轻轻咬下一口葡萄时,那红润的嘴唇微微蠕动,让人不禁浮想联翩。
她的嘴角微微上扬,露出一抹淡淡的笑容,那笑容中既有冷傲灵动之态,又有勾魂摄魄之美,让人看了心跳不已。
她微微歪着头,似乎在思考着什么,眼神中透露出一丝好奇与疑惑。
在她面前,一名中年模样的人微微弯腰,神色激动而又恭敬。
他的额头上布满了细密的汗珠,双手紧张地搓着,仿佛面前的女子是他生命中最重要的人。
“大小姐,您怎么突然扮做侍女了?这种下人之事,您怎么能做,万一有不长眼的家伙冲撞了您,可怎么办?”
中年人的声音微微颤抖,充满了担忧与不安。
侍女其实名为南宫雅诗,是坐镇苍云界,总管这一界所有万界楼的南宫渊,道号灵虚子的女儿。
灵虚子对这唯一的女儿那是疼爱有加,百般呵护,所以这血月城中万界楼的管事,才会对南宫雅诗扮做侍女的事情这么紧张。
若是南宫雅诗出了一点事情,他估计就没活路了。
南宫雅诗轻轻放下手中的葡萄,微微抬起头,眼神中闪过一丝淡然。
她那清脆悦耳的声音如同山间的清泉流淌而过:“我也是今日刚到,父亲让我来取那件物品,正好你不在万界楼,我也闲来无事,便扮做侍女,给郑管事添麻烦了。

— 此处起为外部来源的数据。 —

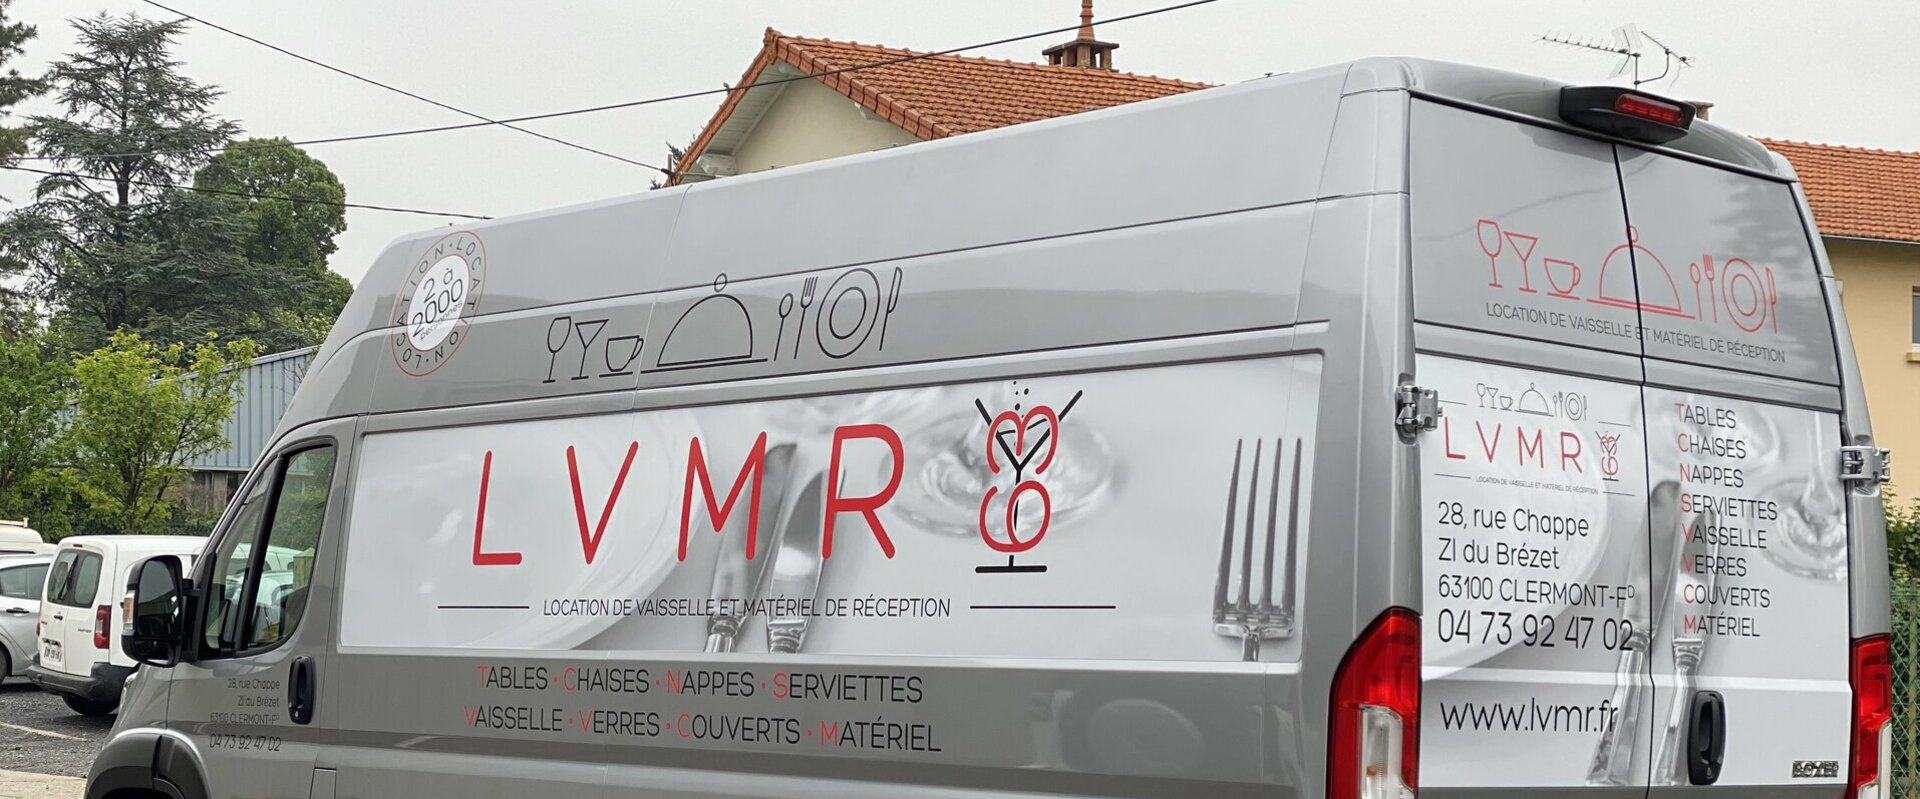 Pour contacter LVMR 63 (Clermont-Ferrand)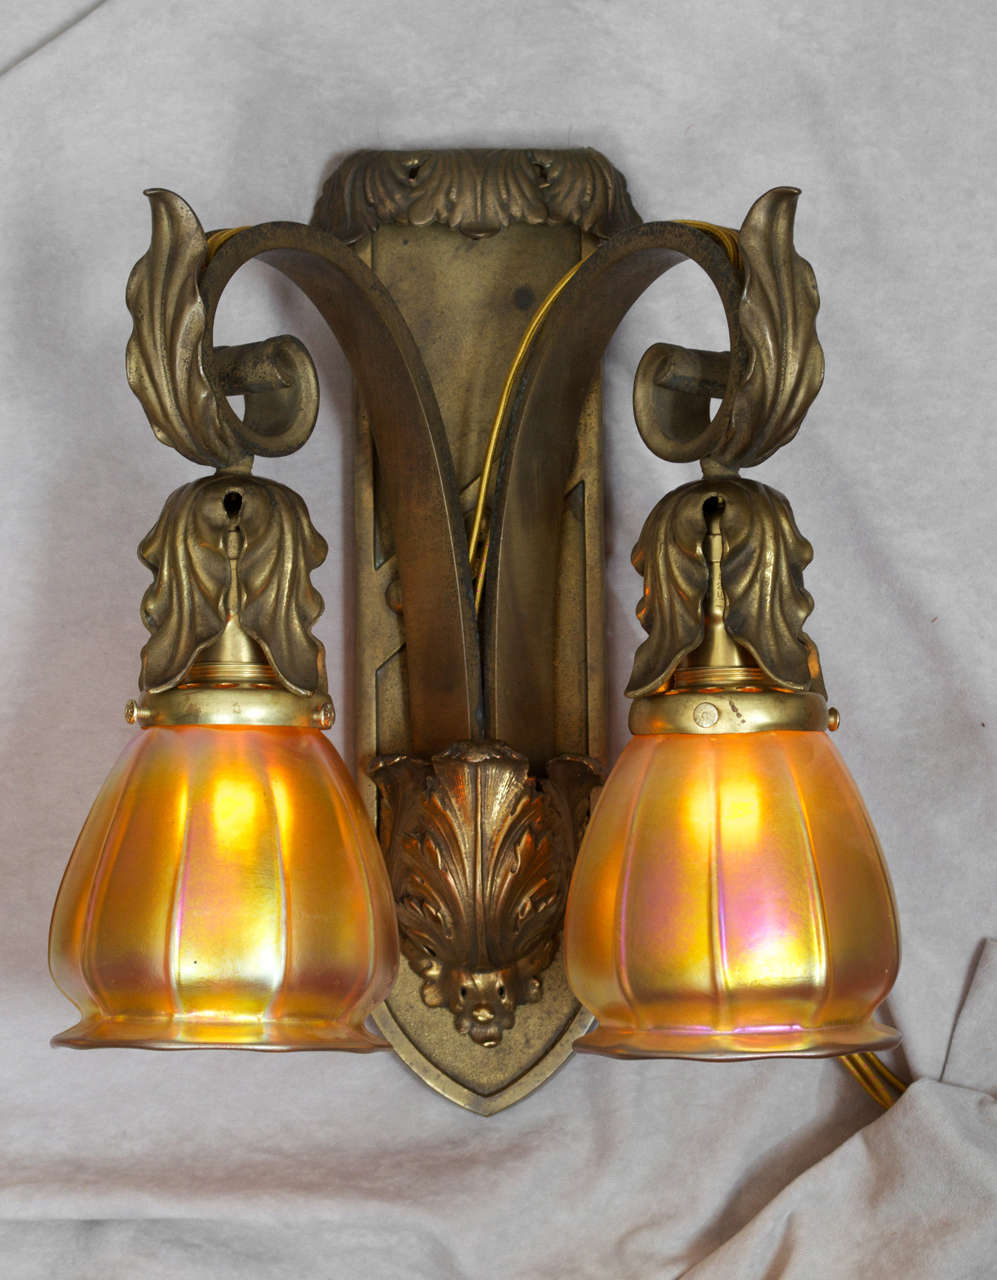 Beaux Arts Pair of Gilt Bronze Two-Arm Sconces with Handblown Steuben Glass

”
郑管事连忙摆手,急切地说道:“不麻烦,不麻烦,只是属下担心您的安全。”
南宫雅诗微微皱起眉头,眼神中透露出一丝不悦:“我还是有些自保之力的,郑管事无需担心,你先退去吧,我晚些去找你。”
她的语气中带着一丝威严,让人不敢违抗。
郑管事不敢再多言,只好恭敬地说道:“是。”然后转身离去。
他的心中却在盘算着,一定要马上安排人暗中保护南宫雅诗,千万不能有任何意外发生。
休息室内,郑管事离去后,南宫雅诗又恢复了那副悠闲的模样。
她靠在椅子上,双腿伸直,轻轻地晃动着。
一只手托着下巴,眼睛盯着前面的墙壁,仿佛在看什么有趣的东西。
而那面墙后,正是白念君所在的休息室。
南宫雅诗闲来无事是真,但这并不是她要扮做侍女的原因。
而是她在进入万界楼前,无意间看到白念君在询问一名摊主,服用后能达到元婴境界的丹药。
当时,白念君那副认真的表情,让南宫雅诗都以为,那名摊主真的有那种丹药呢。
她心想:“若是真有这种逆天灵丹,那我就有希望突破到元婴期了。”
她忍不住停下脚步,在远处看着。
到最后才发现那只是摊主在骗人而已。
想想也是,那种丹药怎么会可能出现在这种地方。
不过这种“祖传丹药!服用即可成为元婴期大修士”傻子都不会信的话,竟然还真的有人信,导致自己差点都信了。
因此对白念君这难得一见的大傻子有了些好奇,她好奇这么傻的人是怎么修炼到筑基后期的?
而且她有一件宝物配带在身,可以大概感知一个人体内灵力多少。
她发现此人体内灵力雄浑浓郁,比她当初在筑基后期时还要浓郁很多,要知道她当时筑基时可是达到了八丈灵海,就连父亲也是震惊不已!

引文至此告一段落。